As the reader becomes engrossed with the lives of Marilee and Tate, life all around the small town of Valentine seems to unfold in the story. The reader seems to get involved with the other characters. There is Charlotte, who has an ailing mother to take care of. There is Sandy, who is eleven years younger than Charlotte but is in love with her and wants to marry her. There is Franny, Tate's fifty-year old mother who still looks as if she is in her thirties and has Davies, the eighty-year old man, dating her. Of Davies, Franny says, " Well, he is not eighty in his heart!"
Then there is Stella Purvis, who leaves her husband Leon Purvis after a fight. Leon calls her and begs her to come back, saying he does not want to spend the rest of his life regretting their marriage. After six hours Stella is back, saying she is tired of the open road anyway.
Anita, Corrine's mother, is a woman with an eccentric nature. She is always in a down the gutter mood and makes empty promises to her daughter. Corrine's father has left her mother, ending an unhappy marriage. Corrine clings to Marilee and would rather not meet her mother. But at times she feels very sad and wishes that she had a normal mother, a father and a home. But she is very possessive about Willie Lee and thinks it is her responsibility to look after him while she lives with Aunt Marilee.

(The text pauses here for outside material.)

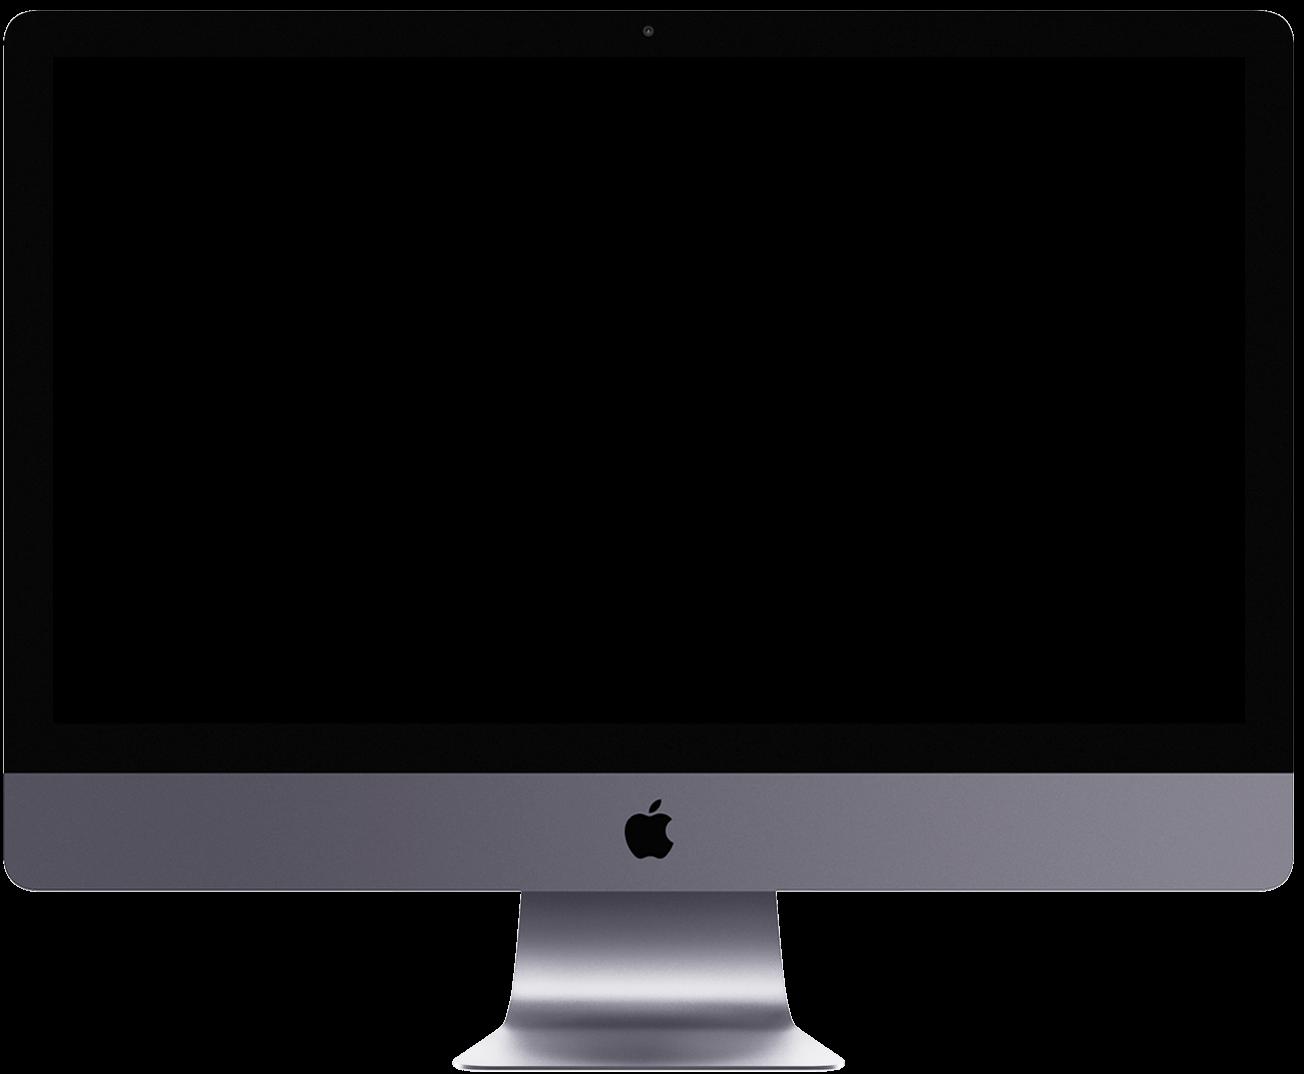 Mockup eines iMacs, in dem die Aksis Werbeagentur Projekte präsentiert.

These are people standing at the crossroads. But their life and values are reflected in their southern life. Among them Marilee stands perplexed and is waiting for the push in the right direction. She has very supportive relatives and friends who are there for her. And that push ironically comes from Stuart, Marilee's ex husband and her son's father. Just when she is about to be married to Tate, Stuart appears and he wants Marilee to be there for him at the most critical time of his life. He discloses that he regrets all his earlier decisions to leave his family, that he is extremely lonely. At this inopportune time he asks Marilee to think long and hard about the road she is taking. But Stuart, with his charm and talent and his own secrets, is exactly what Marilee's heart needs to move into the arms of the right man and into the happiness that is waiting right at the corner. While she debates her dilemma Marilee reasons with her own heart: "Well, I am neither a saint nor a sinner!"

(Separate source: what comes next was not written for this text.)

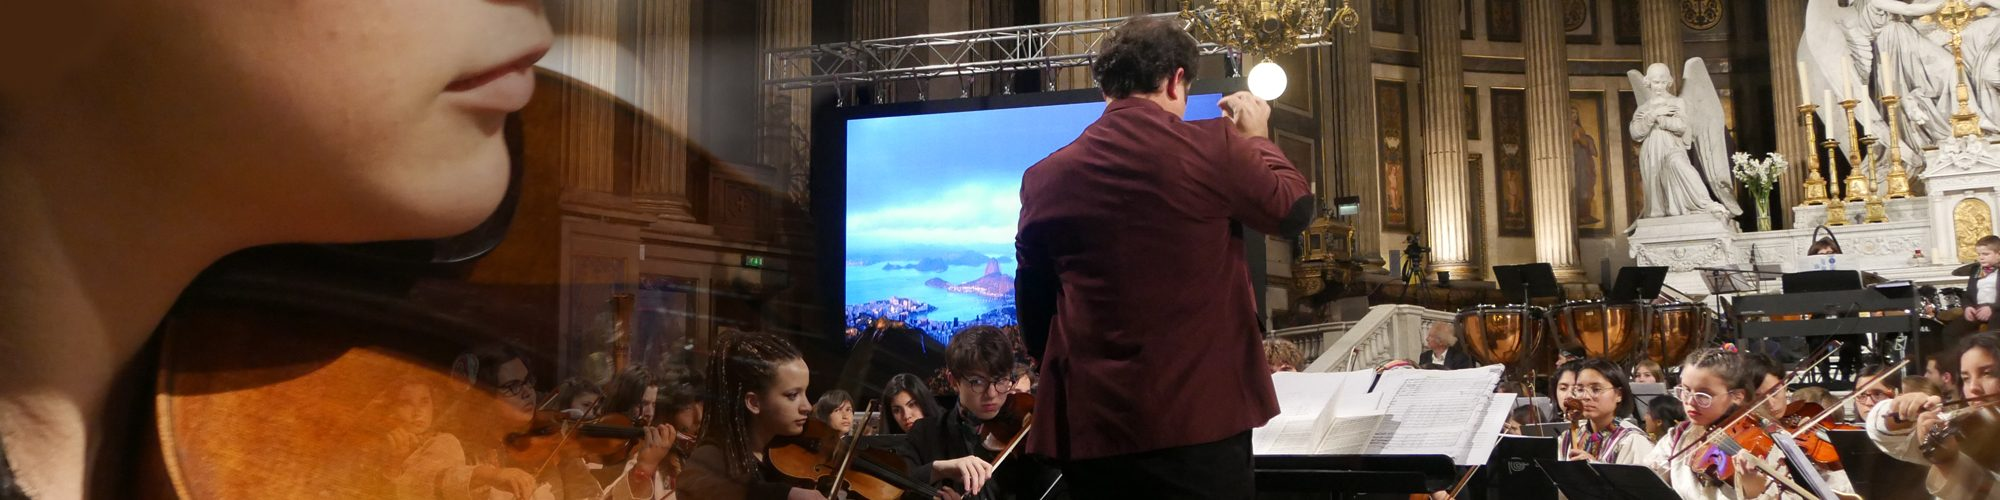 pantalla-gigante-led-supervision-concierto-clima-madeleine-m5.8

On the other hand, Willie Lee gets a name for curing sick animals just by holding them or touching them. Tate wants to make this news for the people of Valentine. But Marilee knows that this disclosure will only cause havoc to her special-needs son. In the meantime, a tornado tears down Tate's home and leaves him in financial ruin. Here, the wonderful unity of people in dealing with the aftermath of the tornado is a revelation for these small town inhabitants. The drama of life in Valentine is certain to make the reader feel as if he is very much a part of it and give him a push to go on reading the book until it ends with a "catch- your- breath" climax.

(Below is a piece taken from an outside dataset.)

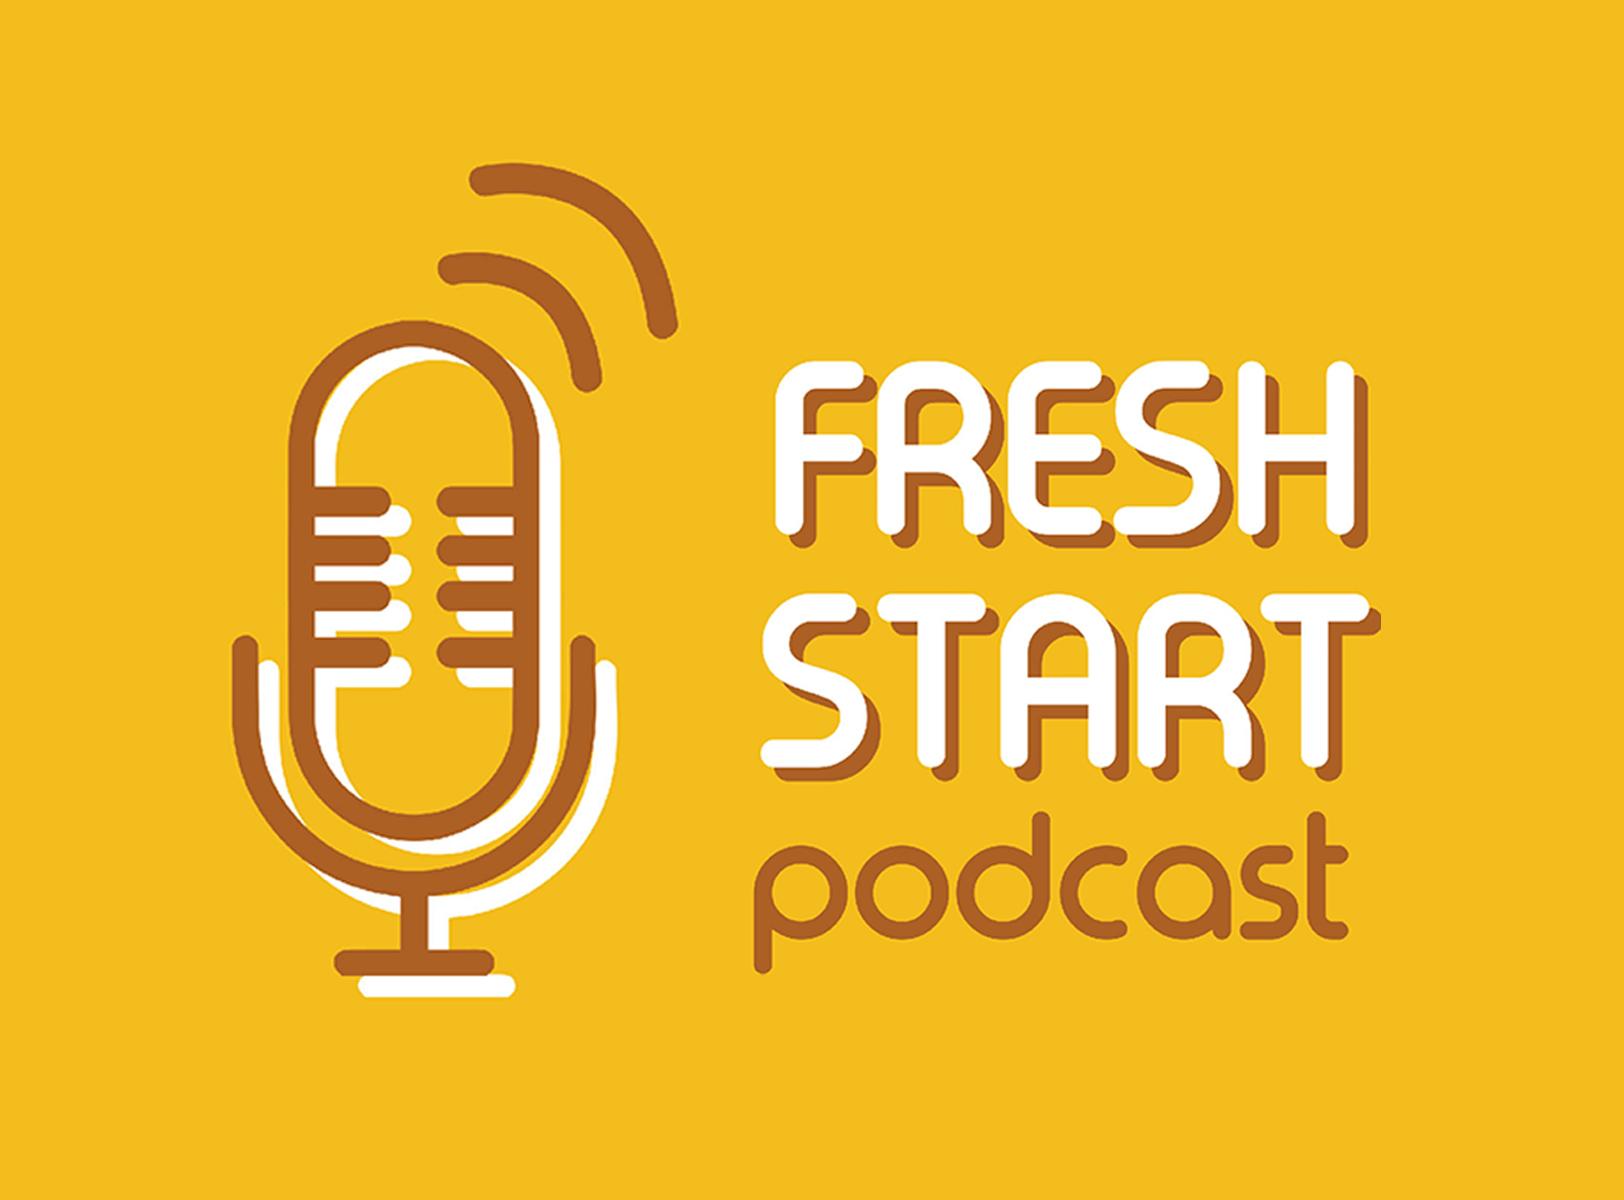 Fresh Start: Podcast News (8/2/2019 Fri.)

Matlock is an interesting "slice of life" author and gives us a good sense of atmosphere and character. She is capable of setting up a good story, a story that holds good on the reader's imagination. Her characters and plot do not seem artificial. The unfolding events come with logic and the narratives and the reader get the feeling that the writer has "lived" in it all. While the book lasts the reader is bound to feel that life was indeed eventful while the reading lasted!
Tulip Chowdhury writes fiction and is a critic.